I’d actually had a brush with an earlier Nissan attempt to sell a mundane luxury car to the Brits. As a callow office boy, I once worked for a motor industry research firm which ran a ‘customer clinic’ to pit the 1984 Nissan Laurel against likely competitors. We hired one of those airport hotel conference suites at Heathrow and wheeled in a variety of German and British luxury cars to array around our wannabe candidate on the spongy, highly patterned carpet. As well as taking people’s coats, serving the coffees and handing out biros, one of my tasks of the day was to stick thick masking tape over every graphic mention of ‘Nissan’ and ‘Laurel’ on the car from hubcap and steering wheel to floor mats and headlight etchings, so our carefully chosen demographic would be in the dark as to this large, ugly, metallic brown newcomer. That way, the market researchers could get the unbiased feedback they needed.

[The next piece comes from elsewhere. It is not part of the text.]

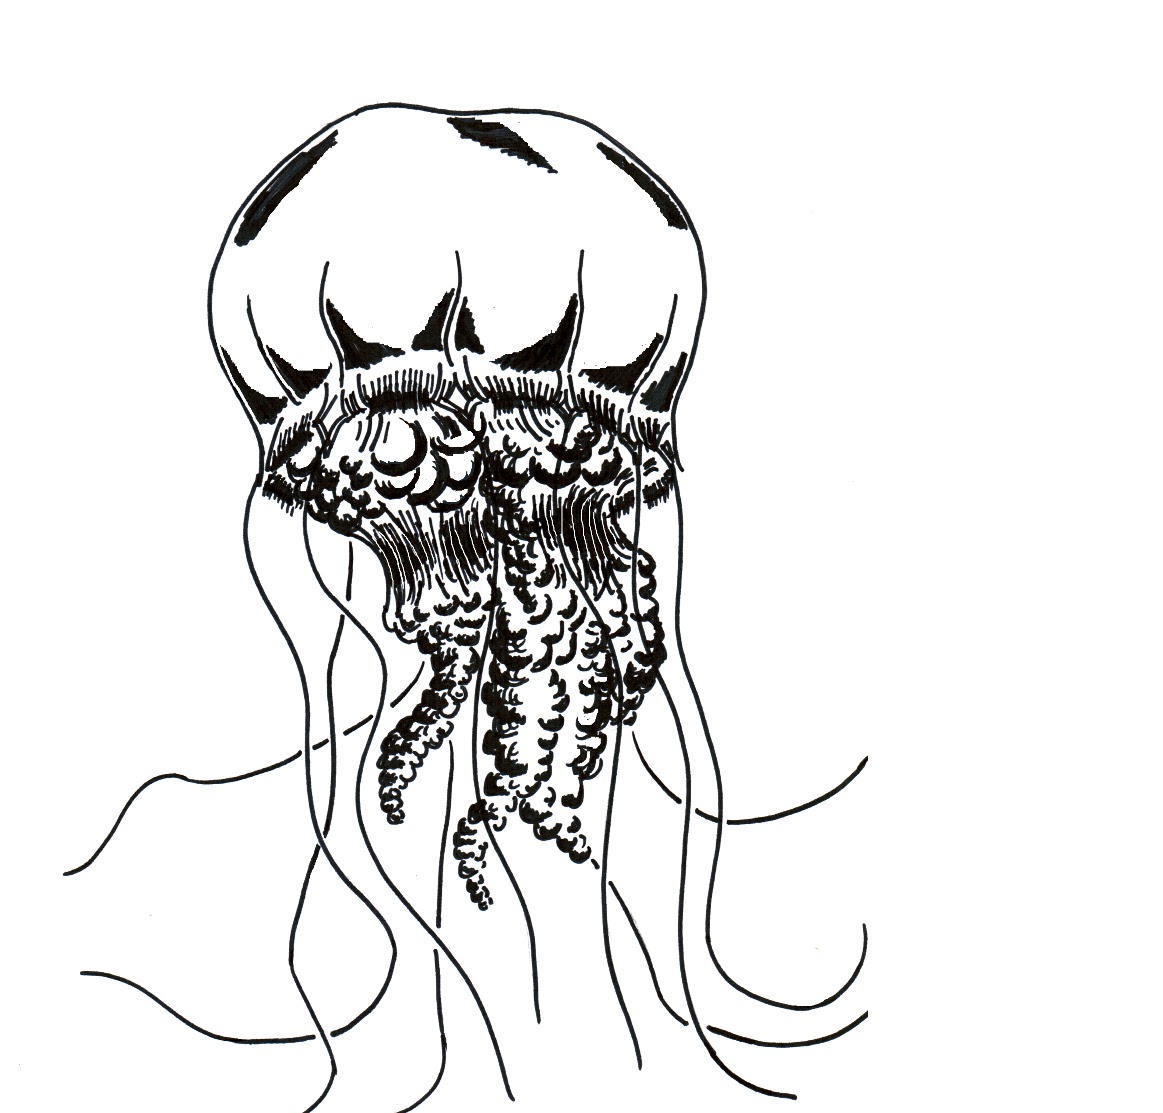 Jellyfish Drawing - ClipArt Best

The Laurel scored terribly against the Jaguar XJ6 and Mercedes E-Class present on just about every level when it came to desirability, and I think the company strongly advised Nissan that the car wasn’t right for the UK market. Six months later they launched it here anyway. So seeing them have another go with the Maxima always made me feel wistful; there are probably less than 200 still running, and now I am mature I’d quite like one, and I don’t even need to be an achiever to afford it.